BEGIN Data supplied

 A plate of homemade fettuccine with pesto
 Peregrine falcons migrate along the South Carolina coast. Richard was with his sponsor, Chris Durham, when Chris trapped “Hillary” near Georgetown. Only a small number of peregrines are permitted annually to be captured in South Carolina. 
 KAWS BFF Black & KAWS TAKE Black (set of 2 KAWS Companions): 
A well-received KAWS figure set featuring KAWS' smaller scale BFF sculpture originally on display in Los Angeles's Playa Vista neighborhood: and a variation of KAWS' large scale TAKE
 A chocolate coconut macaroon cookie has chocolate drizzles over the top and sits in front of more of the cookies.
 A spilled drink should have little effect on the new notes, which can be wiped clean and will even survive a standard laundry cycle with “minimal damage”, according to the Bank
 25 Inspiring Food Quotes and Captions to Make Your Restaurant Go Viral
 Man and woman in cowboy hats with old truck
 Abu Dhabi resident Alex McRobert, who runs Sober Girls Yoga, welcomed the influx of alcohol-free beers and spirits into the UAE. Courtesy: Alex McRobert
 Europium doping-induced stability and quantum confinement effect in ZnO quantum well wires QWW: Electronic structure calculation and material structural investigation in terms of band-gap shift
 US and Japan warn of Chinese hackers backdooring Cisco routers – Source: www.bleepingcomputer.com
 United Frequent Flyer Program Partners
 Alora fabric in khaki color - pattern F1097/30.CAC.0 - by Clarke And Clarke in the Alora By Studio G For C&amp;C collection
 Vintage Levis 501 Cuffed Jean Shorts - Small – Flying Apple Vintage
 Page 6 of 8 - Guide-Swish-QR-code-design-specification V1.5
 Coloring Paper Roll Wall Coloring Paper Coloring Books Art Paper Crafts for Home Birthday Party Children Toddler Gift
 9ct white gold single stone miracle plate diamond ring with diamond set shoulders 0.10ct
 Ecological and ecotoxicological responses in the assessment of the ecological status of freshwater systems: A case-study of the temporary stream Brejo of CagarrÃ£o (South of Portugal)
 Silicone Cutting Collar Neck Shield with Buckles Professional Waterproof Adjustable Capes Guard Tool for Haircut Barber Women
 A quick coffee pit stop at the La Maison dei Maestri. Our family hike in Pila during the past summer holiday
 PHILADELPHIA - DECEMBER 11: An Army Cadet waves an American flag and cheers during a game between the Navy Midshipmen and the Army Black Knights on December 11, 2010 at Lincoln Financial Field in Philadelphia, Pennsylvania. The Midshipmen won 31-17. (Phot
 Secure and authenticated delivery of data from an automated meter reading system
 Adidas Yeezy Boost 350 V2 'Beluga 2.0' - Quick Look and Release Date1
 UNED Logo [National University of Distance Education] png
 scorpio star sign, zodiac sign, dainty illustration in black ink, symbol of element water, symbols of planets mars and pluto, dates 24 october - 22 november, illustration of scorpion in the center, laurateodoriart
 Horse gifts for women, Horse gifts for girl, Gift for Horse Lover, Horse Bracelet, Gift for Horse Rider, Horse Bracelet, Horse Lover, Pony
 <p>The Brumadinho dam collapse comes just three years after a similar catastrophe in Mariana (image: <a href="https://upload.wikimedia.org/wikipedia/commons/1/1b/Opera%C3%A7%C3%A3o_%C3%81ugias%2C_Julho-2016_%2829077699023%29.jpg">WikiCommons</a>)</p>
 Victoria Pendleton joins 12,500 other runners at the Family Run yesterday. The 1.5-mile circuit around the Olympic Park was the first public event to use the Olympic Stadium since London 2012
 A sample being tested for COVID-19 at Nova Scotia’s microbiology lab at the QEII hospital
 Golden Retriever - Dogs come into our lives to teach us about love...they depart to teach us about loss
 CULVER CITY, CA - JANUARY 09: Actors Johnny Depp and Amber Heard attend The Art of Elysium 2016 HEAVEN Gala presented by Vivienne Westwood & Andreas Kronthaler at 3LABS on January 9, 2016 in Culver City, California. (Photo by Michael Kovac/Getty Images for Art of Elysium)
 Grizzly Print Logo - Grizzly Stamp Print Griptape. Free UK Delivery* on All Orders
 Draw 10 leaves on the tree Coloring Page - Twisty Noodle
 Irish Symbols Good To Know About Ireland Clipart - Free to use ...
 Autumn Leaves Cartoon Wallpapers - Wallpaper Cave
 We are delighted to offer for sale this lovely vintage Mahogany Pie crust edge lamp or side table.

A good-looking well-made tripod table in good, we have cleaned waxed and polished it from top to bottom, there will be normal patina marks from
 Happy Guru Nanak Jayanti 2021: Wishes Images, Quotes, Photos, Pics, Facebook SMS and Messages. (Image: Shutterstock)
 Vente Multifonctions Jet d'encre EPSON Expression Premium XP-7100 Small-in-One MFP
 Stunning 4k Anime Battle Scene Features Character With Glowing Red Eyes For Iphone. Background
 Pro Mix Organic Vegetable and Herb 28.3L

END Data supplied

=== Exercise details ===
Every record above is to be restated exactly as it reads.

=== Answer ===
 A plate of homemade fettuccine with pesto
 Peregrine falcons migrate along the South Carolina coast. Richard was with his sponsor, Chris Durham, when Chris trapped “Hillary” near Georgetown. Only a small number of peregrines are permitted annually to be captured in South Carolina. 
 KAWS BFF Black & KAWS TAKE Black (set of 2 KAWS Companions): 
A well-received KAWS figure set featuring KAWS' smaller scale BFF sculpture originally on display in Los Angeles's Playa Vista neighborhood: and a variation of KAWS' large scale TAKE
 A chocolate coconut macaroon cookie has chocolate drizzles over the top and sits in front of more of the cookies.
 A spilled drink should have little effect on the new notes, which can be wiped clean and will even survive a standard laundry cycle with “minimal damage”, according to the Bank
 25 Inspiring Food Quotes and Captions to Make Your Restaurant Go Viral
 Man and woman in cowboy hats with old truck
 Abu Dhabi resident Alex McRobert, who runs Sober Girls Yoga, welcomed the influx of alcohol-free beers and spirits into the UAE. Courtesy: Alex McRobert
 Europium doping-induced stability and quantum confinement effect in ZnO quantum well wires QWW: Electronic structure calculation and material structural investigation in terms of band-gap shift
 US and Japan warn of Chinese hackers backdooring Cisco routers – Source: www.bleepingcomputer.com
 United Frequent Flyer Program Partners
 Alora fabric in khaki color - pattern F1097/30.CAC.0 - by Clarke And Clarke in the Alora By Studio G For C&amp;C collection
 Vintage Levis 501 Cuffed Jean Shorts - Small – Flying Apple Vintage
 Page 6 of 8 - Guide-Swish-QR-code-design-specification V1.5
 Coloring Paper Roll Wall Coloring Paper Coloring Books Art Paper Crafts for Home Birthday Party Children Toddler Gift
 9ct white gold single stone miracle plate diamond ring with diamond set shoulders 0.10ct
 Ecological and ecotoxicological responses in the assessment of the ecological status of freshwater systems: A case-study of the temporary stream Brejo of CagarrÃ£o (South of Portugal)
 Silicone Cutting Collar Neck Shield with Buckles Professional Waterproof Adjustable Capes Guard Tool for Haircut Barber Women
 A quick coffee pit stop at the La Maison dei Maestri. Our family hike in Pila during the past summer holiday
 PHILADELPHIA - DECEMBER 11: An Army Cadet waves an American flag and cheers during a game between the Navy Midshipmen and the Army Black Knights on December 11, 2010 at Lincoln Financial Field in Philadelphia, Pennsylvania. The Midshipmen won 31-17. (Phot
 Secure and authenticated delivery of data from an automated meter reading system
 Adidas Yeezy Boost 350 V2 'Beluga 2.0' - Quick Look and Release Date1
 UNED Logo [National University of Distance Education] png
 scorpio star sign, zodiac sign, dainty illustration in black ink, symbol of element water, symbols of planets mars and pluto, dates 24 october - 22 november, illustration of scorpion in the center, laurateodoriart
 Horse gifts for women, Horse gifts for girl, Gift for Horse Lover, Horse Bracelet, Gift for Horse Rider, Horse Bracelet, Horse Lover, Pony
 <p>The Brumadinho dam collapse comes just three years after a similar catastrophe in Mariana (image: <a href="https://upload.wikimedia.org/wikipedia/commons/1/1b/Opera%C3%A7%C3%A3o_%C3%81ugias%2C_Julho-2016_%2829077699023%29.jpg">WikiCommons</a>)</p>
 Victoria Pendleton joins 12,500 other runners at the Family Run yesterday. The 1.5-mile circuit around the Olympic Park was the first public event to use the Olympic Stadium since London 2012
 A sample being tested for COVID-19 at Nova Scotia’s microbiology lab at the QEII hospital
 Golden Retriever - Dogs come into our lives to teach us about love...they depart to teach us about loss
 CULVER CITY, CA - JANUARY 09: Actors Johnny Depp and Amber Heard attend The Art of Elysium 2016 HEAVEN Gala presented by Vivienne Westwood & Andreas Kronthaler at 3LABS on January 9, 2016 in Culver City, California. (Photo by Michael Kovac/Getty Images for Art of Elysium)
 Grizzly Print Logo - Grizzly Stamp Print Griptape. Free UK Delivery* on All Orders
 Draw 10 leaves on the tree Coloring Page - Twisty Noodle
 Irish Symbols Good To Know About Ireland Clipart - Free to use ...
 Autumn Leaves Cartoon Wallpapers - Wallpaper Cave
 We are delighted to offer for sale this lovely vintage Mahogany Pie crust edge lamp or side table.

A good-looking well-made tripod table in good, we have cleaned waxed and polished it from top to bottom, there will be normal patina marks from
 Happy Guru Nanak Jayanti 2021: Wishes Images, Quotes, Photos, Pics, Facebook SMS and Messages. (Image: Shutterstock)
 Vente Multifonctions Jet d'encre EPSON Expression Premium XP-7100 Small-in-One MFP
 Stunning 4k Anime Battle Scene Features Character With Glowing Red Eyes For Iphone. Background
 Pro Mix Organic Vegetable and Herb 28.3L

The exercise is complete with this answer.